YOUR INSTRUCTIONS
Transcribe the listing verbatim, please, with images dropped.

COLLECTED DATA
————————

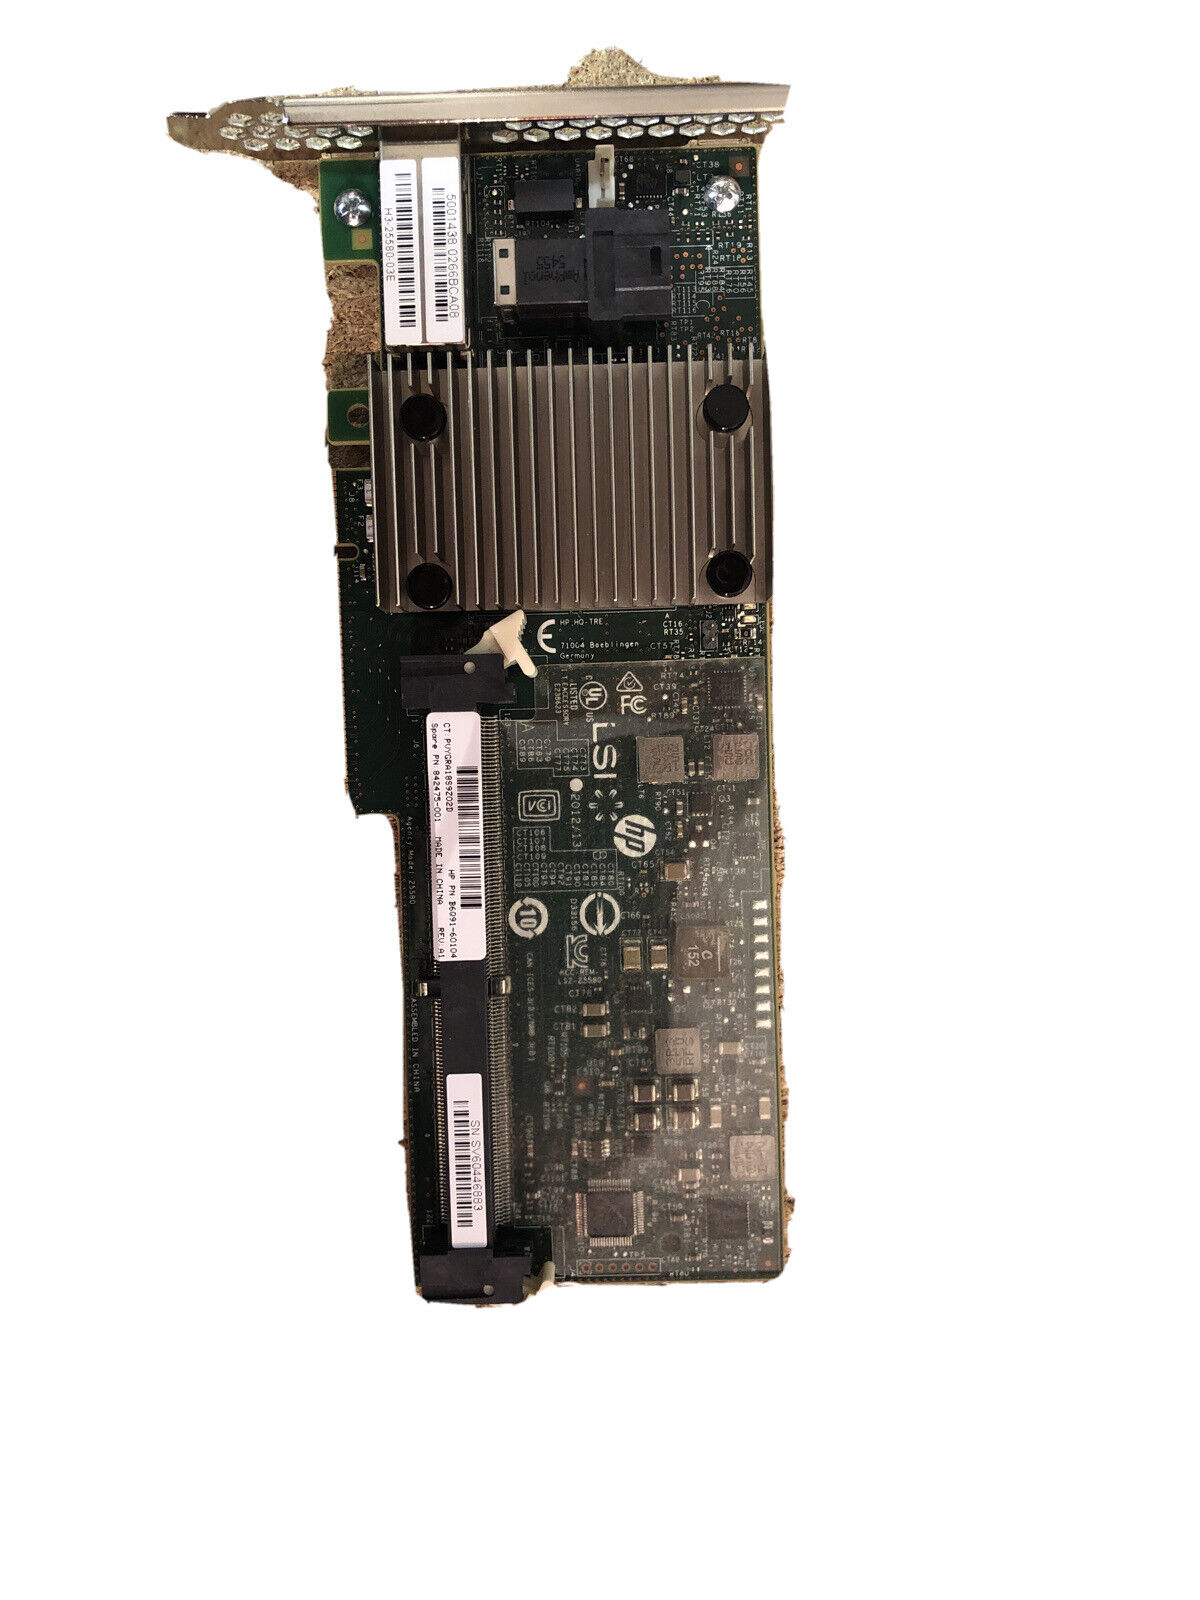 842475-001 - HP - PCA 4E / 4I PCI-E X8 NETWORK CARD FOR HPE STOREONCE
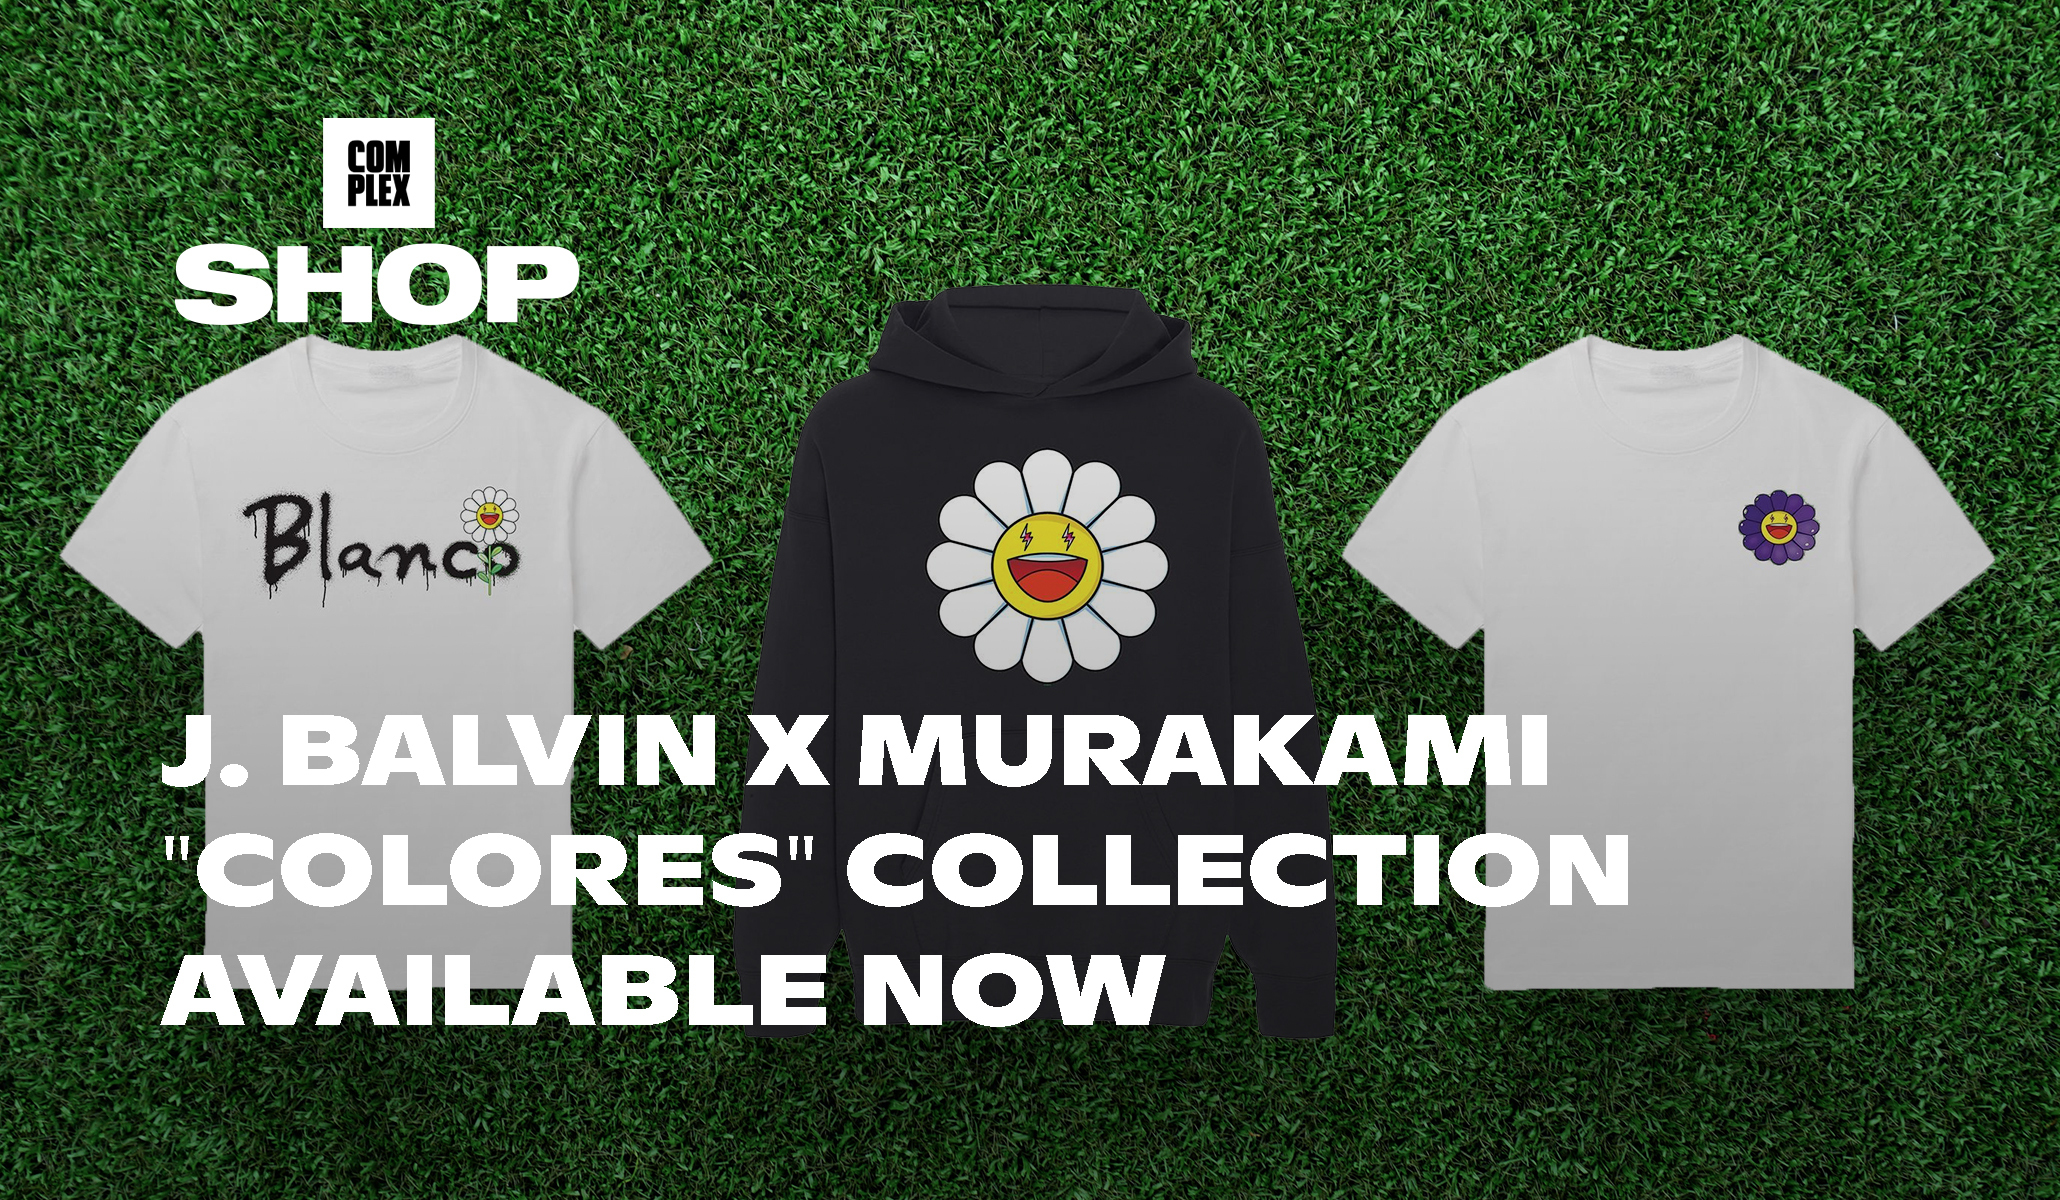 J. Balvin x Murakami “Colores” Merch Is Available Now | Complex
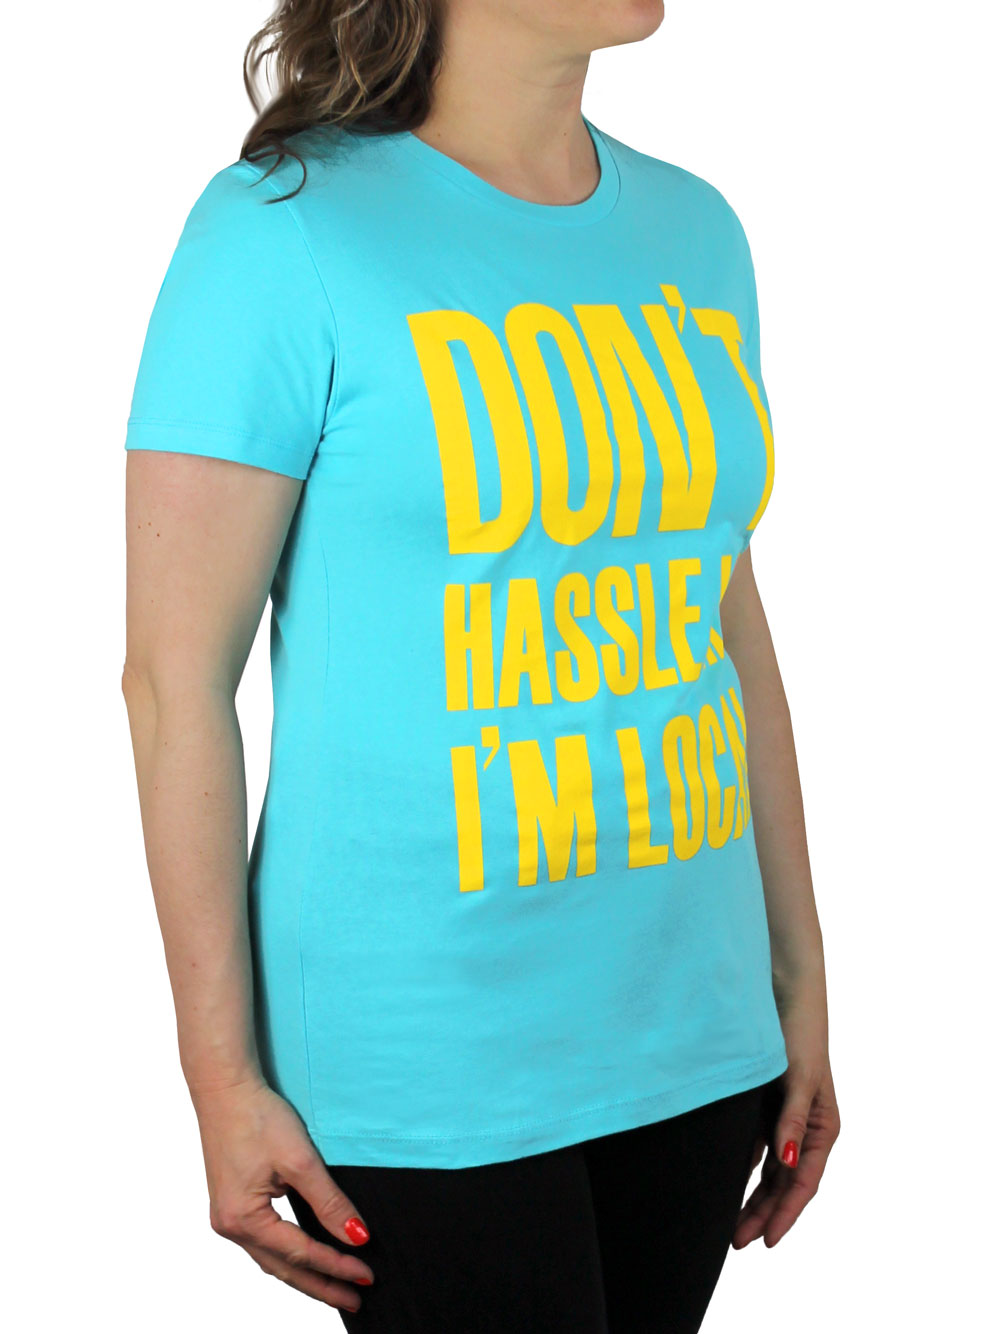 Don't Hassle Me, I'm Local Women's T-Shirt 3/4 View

————————

ANSWER SPACE
 842475-001 - HP - PCA 4E / 4I PCI-E X8 NETWORK CARD FOR HPE STOREONCE
 J. Balvin x Murakami “Colores” Merch Is Available Now | Complex
 Don't Hassle Me, I'm Local Women's T-Shirt 3/4 View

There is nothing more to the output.